First the "per soldier cost basis" is a read herring. Special Operations Forces are so small relative to the entire force that the savings guesstimated here would be insignificant. I think the size of Army Special Operations Forces is less than 5% of the Army and that includes not only the actual operators but all the supporting (or enabling) forces (e.g., intelligence, communications, logistics, etc). But just replacing SOF with general purpose forces for "some" missions would have to imply that we are going to reduce the size of SOF after we have invested so much in building the capability. And if the second part of his argument is accepted there would be no cost savings because he would have them shift to "missions requiring highly technical or covert skills." But what really pisses me off is the way we just write off or denigrate the FID mission as in just anybody can do it. We must focus on having the right force do the right mission.

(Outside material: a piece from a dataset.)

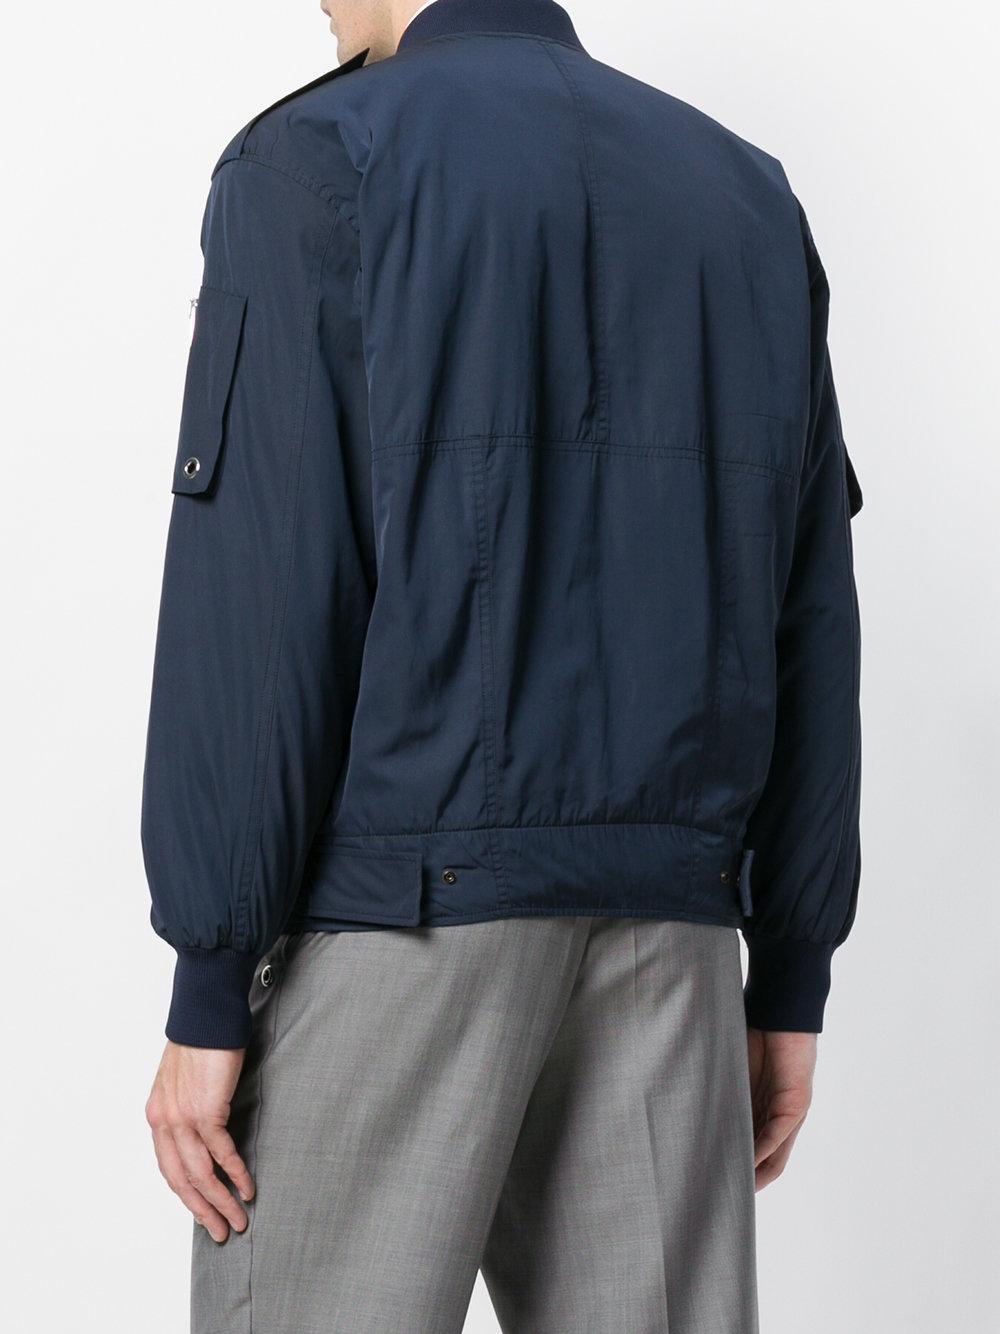 Etudes Studio Cotton Radio Bomber Jacket in Blue for Men
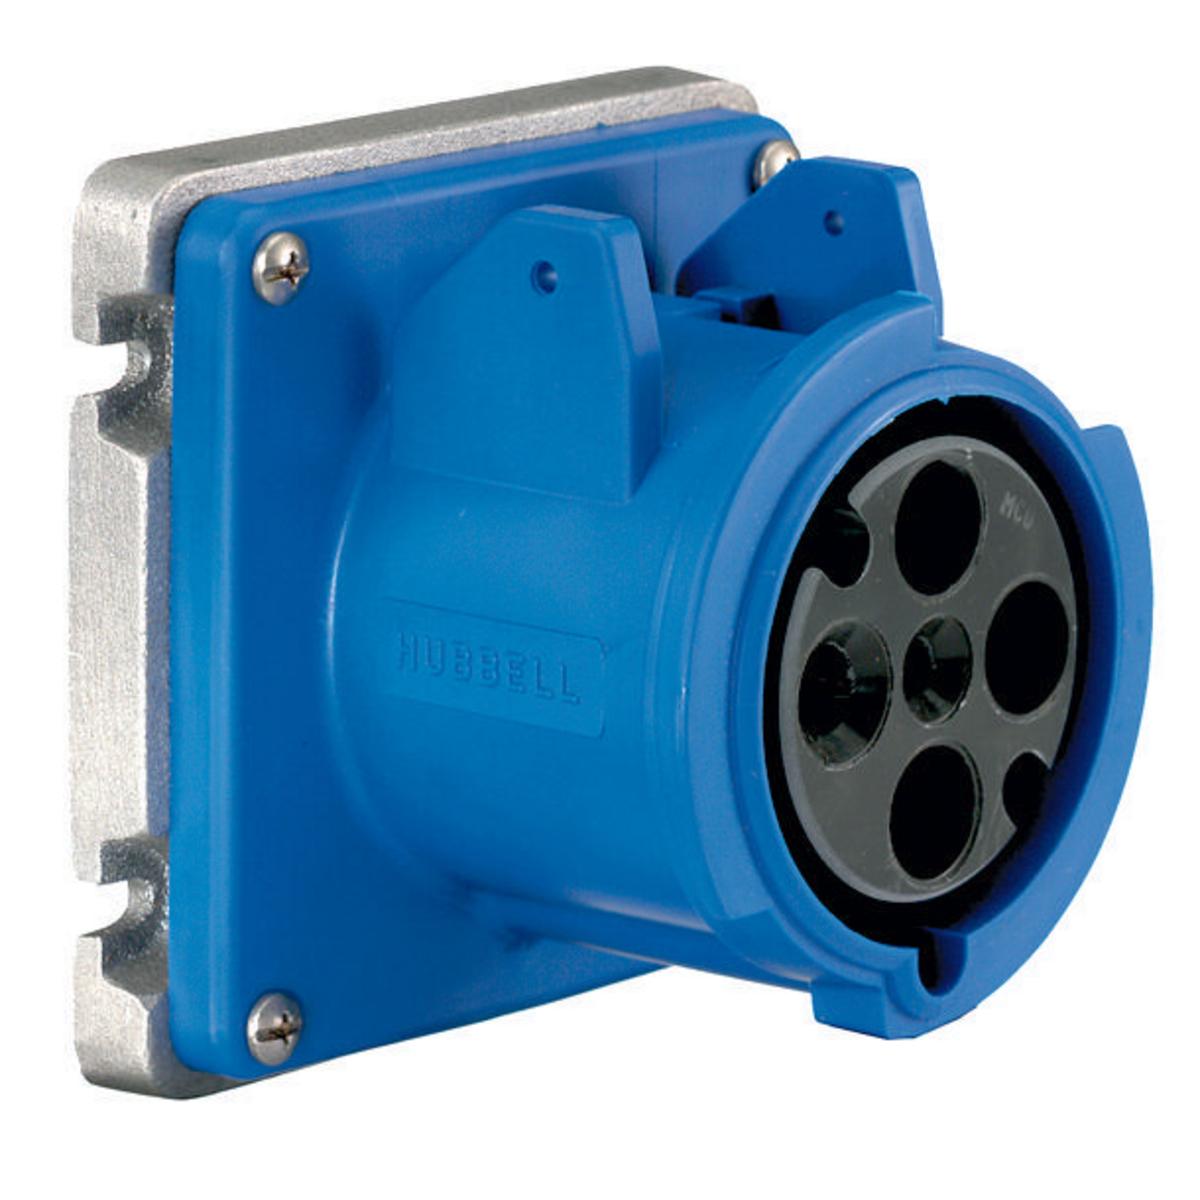 HUBA4100R9 PS, IEC, RECP, 3P4W, 100A 3P 250V, LOPRO ,A4100R9, HUBBELL

GPF does need to be able to conduct FID (they were always supposed to by doctrine long before 9-11) – there are important capabilities in the GPF. But there are no lesser important FID missions. If the mission analysis reveals that SOF is the right force to conduct the FID mission then it should conduct it. If it reveals that a GPF unit is the right force then it should conduct it. If it reveals that a combination of SOF and GPF is required then they should task organize. We should not be talking about the GPF doing SOF missions but both GPF and SOF conducting the right missions.

Mark Pyruz

Fri, 11/11/2011 - 9:59pm

This latest report from the IAEA can be characterized by a single change: the difference between an independent head of the IAEA, and his replacement by a firmly pro-US Amano; as much of the material that is now being presented in this latest report was known to the IAEA during the previous head's tenure and considered unreliable.

However there is a constant in all of this: the IAEA continues to report that Iran has not diverted any of its LEU from IAEA oversight, nor has it produced bomb quality HEU.